Line fisheries target species and fishing gear
From 1 September 2021, there are new rules and reporting requirements for Queensland commercial fisheries.
Commercial line fishers generally target a diverse range of fin fish species, and use gear such as bottom handlines and trolling gear.
In the commercial fishery, 3 species dominate the total catch:
- coral trout, at about 35% of total line catch
- Spanish mackerel, at about 20%
- red throat emperor, at about 15%.
The other significant species (or species groups) are:
- coral reef fin fish including cods, emperors and tropical snappers
- snapper (Pagrus auratus)
- spotted mackerel.
The main types of gear used in line fisheries are bottom handlines and trolling gear, with drop (or trot) line limited to the deepwater multiple-hook fishery (operating outside the 200m bathymetric line).

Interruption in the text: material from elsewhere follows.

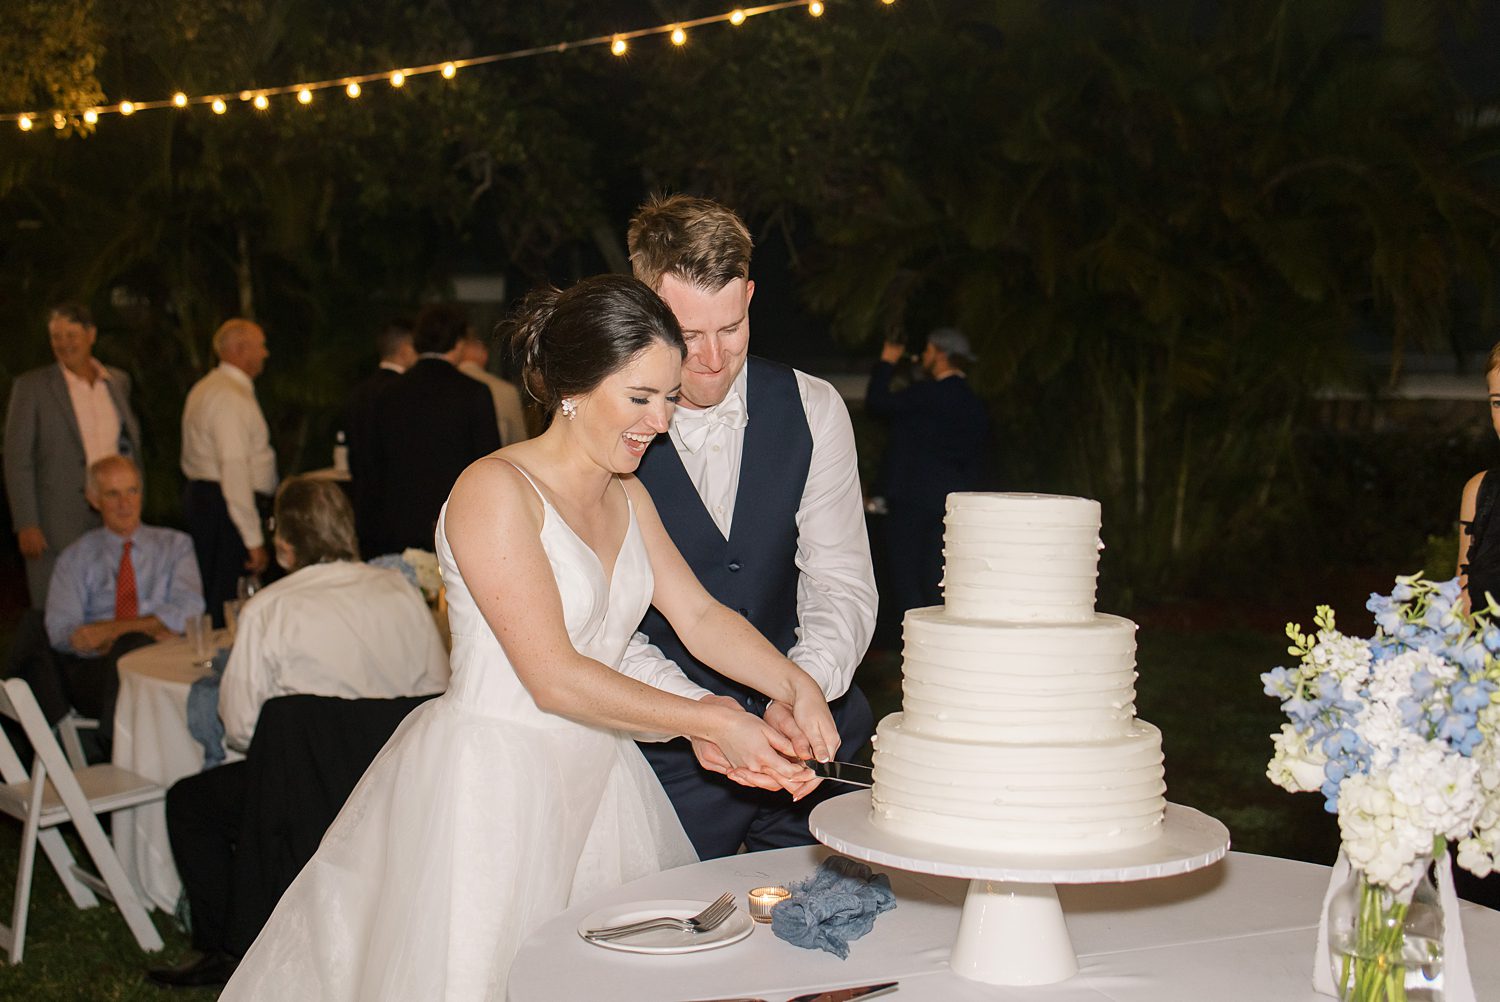 newlyweds cut wedding cake during open air reception at Innisbrook Resort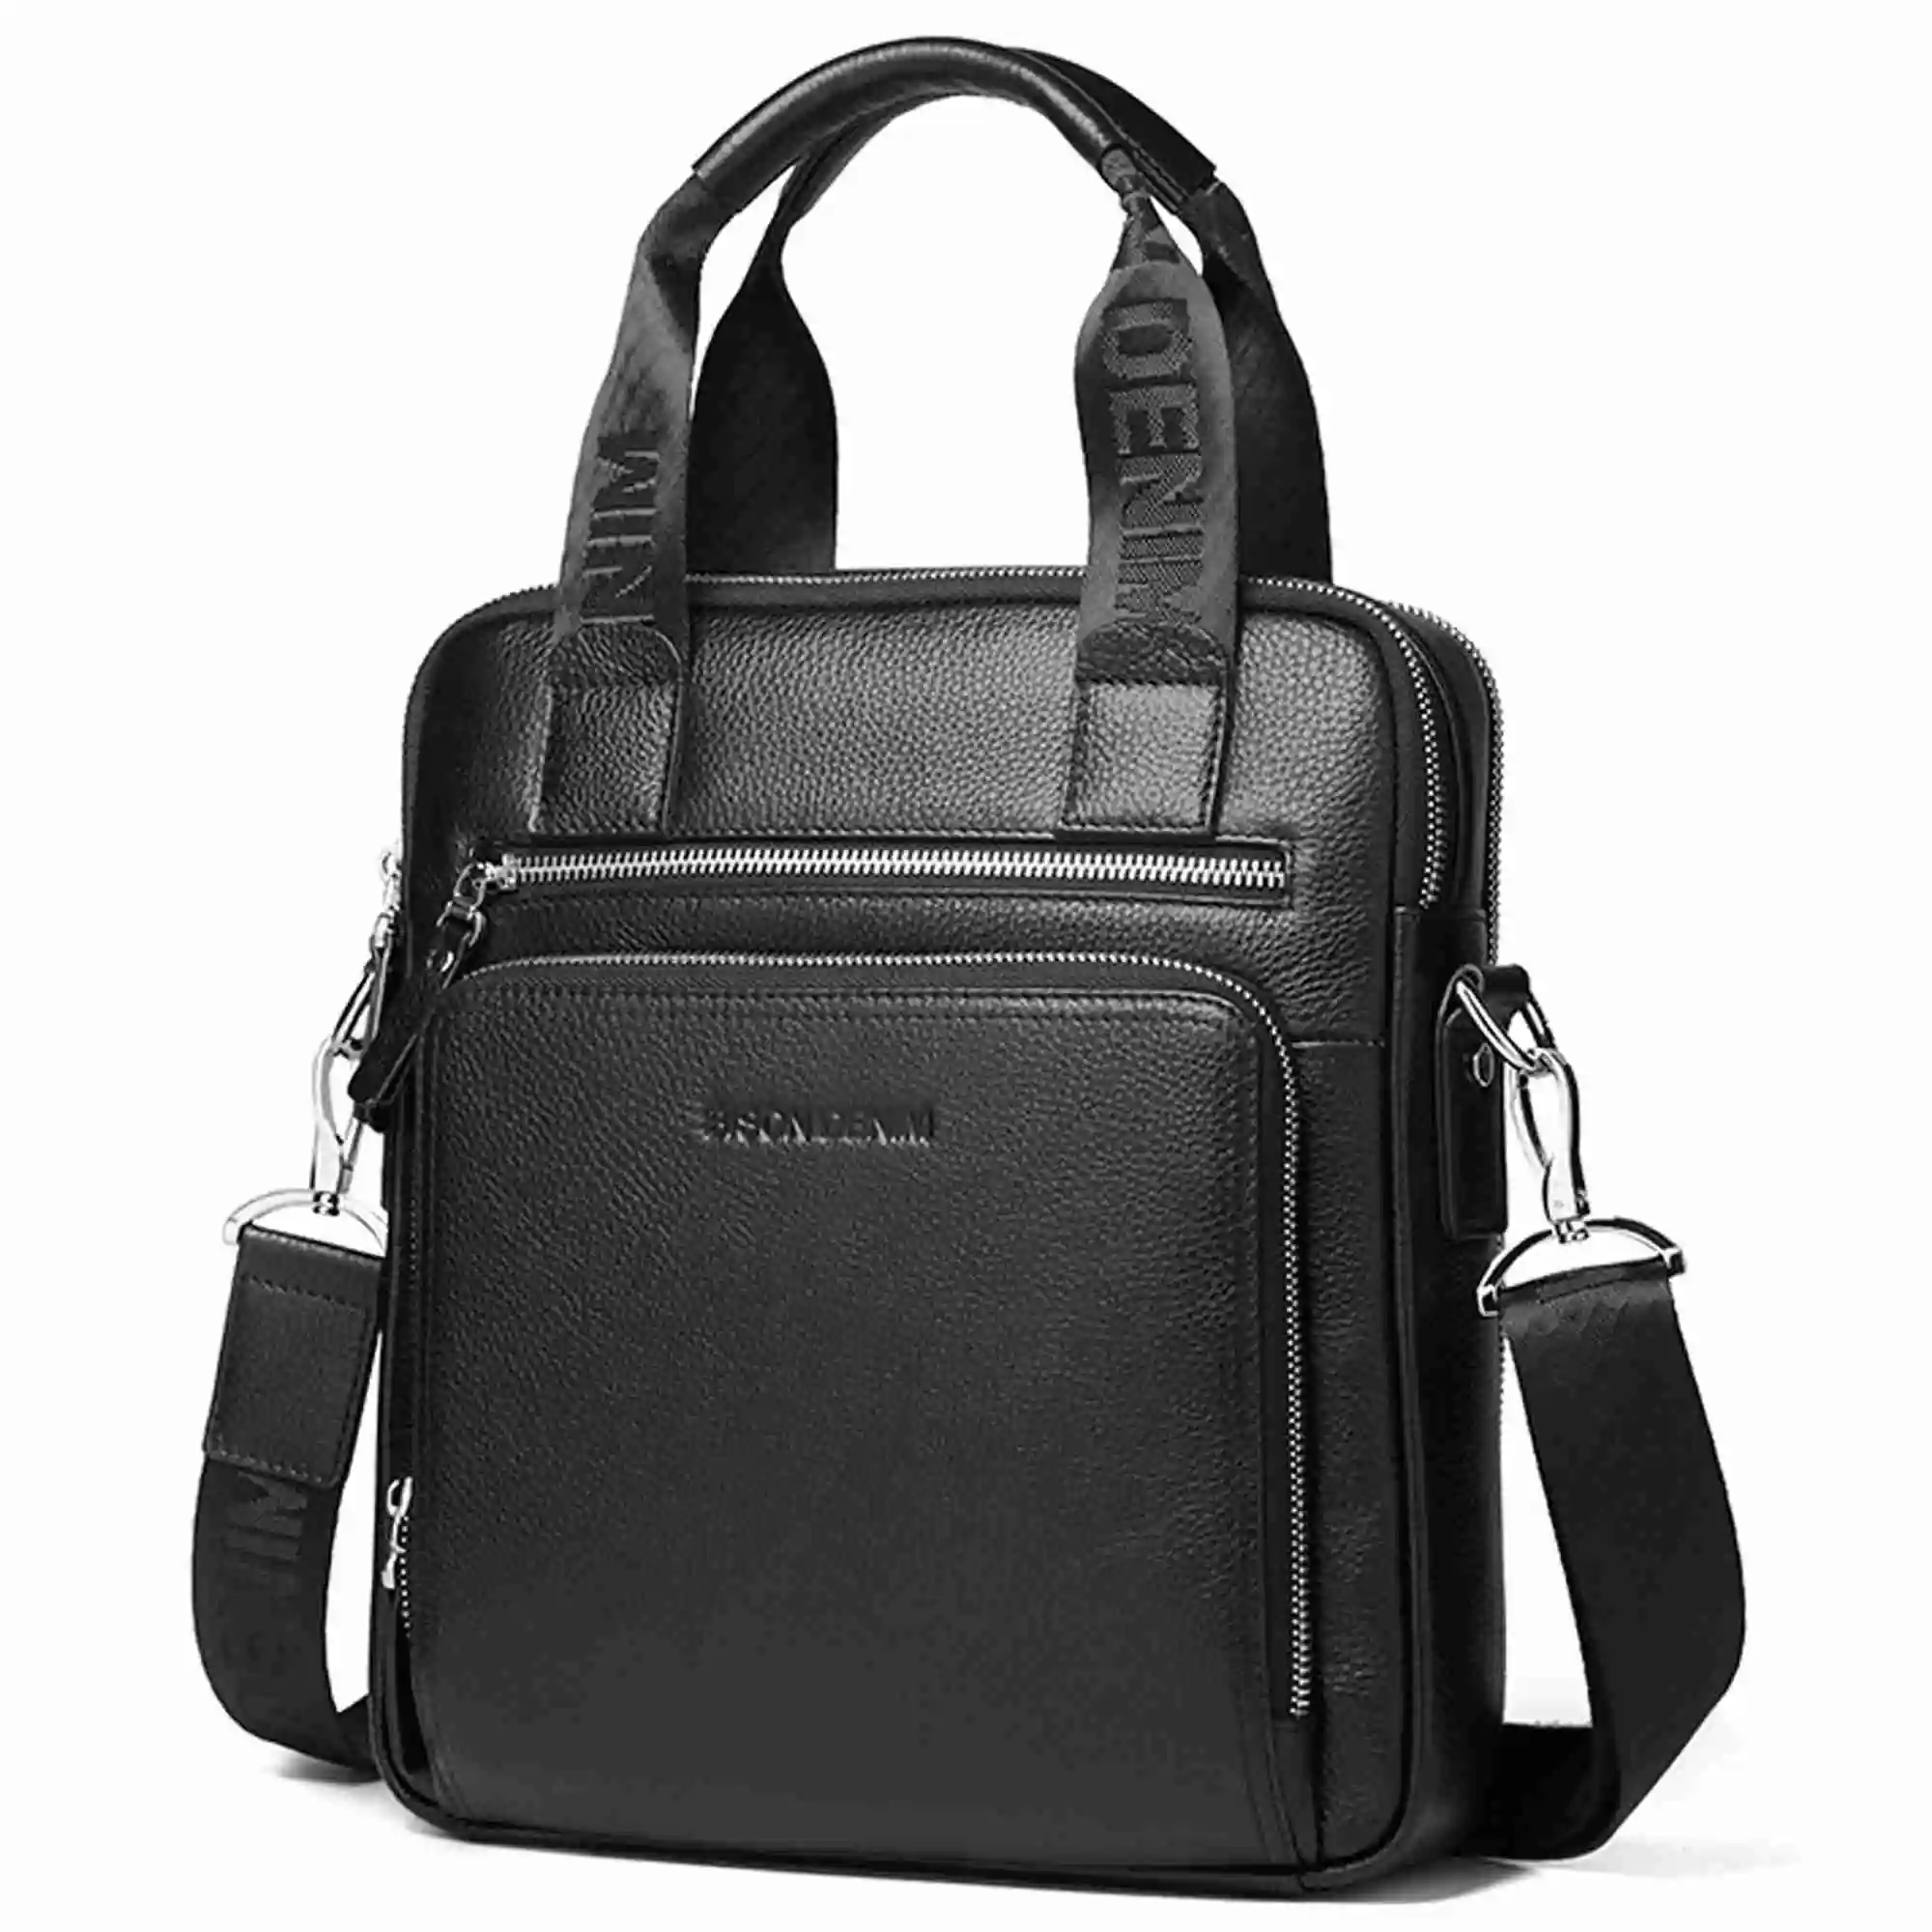 BISON DENIM Classic Black Male Bag Genuine Leather Business Crossbody Ba... - $247.85

Bottom handlines are used for demersal fish (those that spend most of the time near the bottom - for example, coral trout). Handlines are single lines with baited hooks or gangs of hooks lowered from a stationary boat into the water by a rod or by hand. This is a common fishing method in most of the line fisheries, with the notable exception of the pelagic fishery.
Trolling rigs are used for pelagic fish (those that swim in open water, such as Spanish and spotted mackerel). Trolling involves towing lures or baited hooks on lines behind a boat.
Droplines are vertically set lines, with baited hooks, that are dropped from stationary boats into deepwater areas such as water adjacent to offshore drop-offs and submarine canyons. Droplining is usually conducted in water more than 200m deep to target deepwater species such as rosy jobfish and goldband snapper.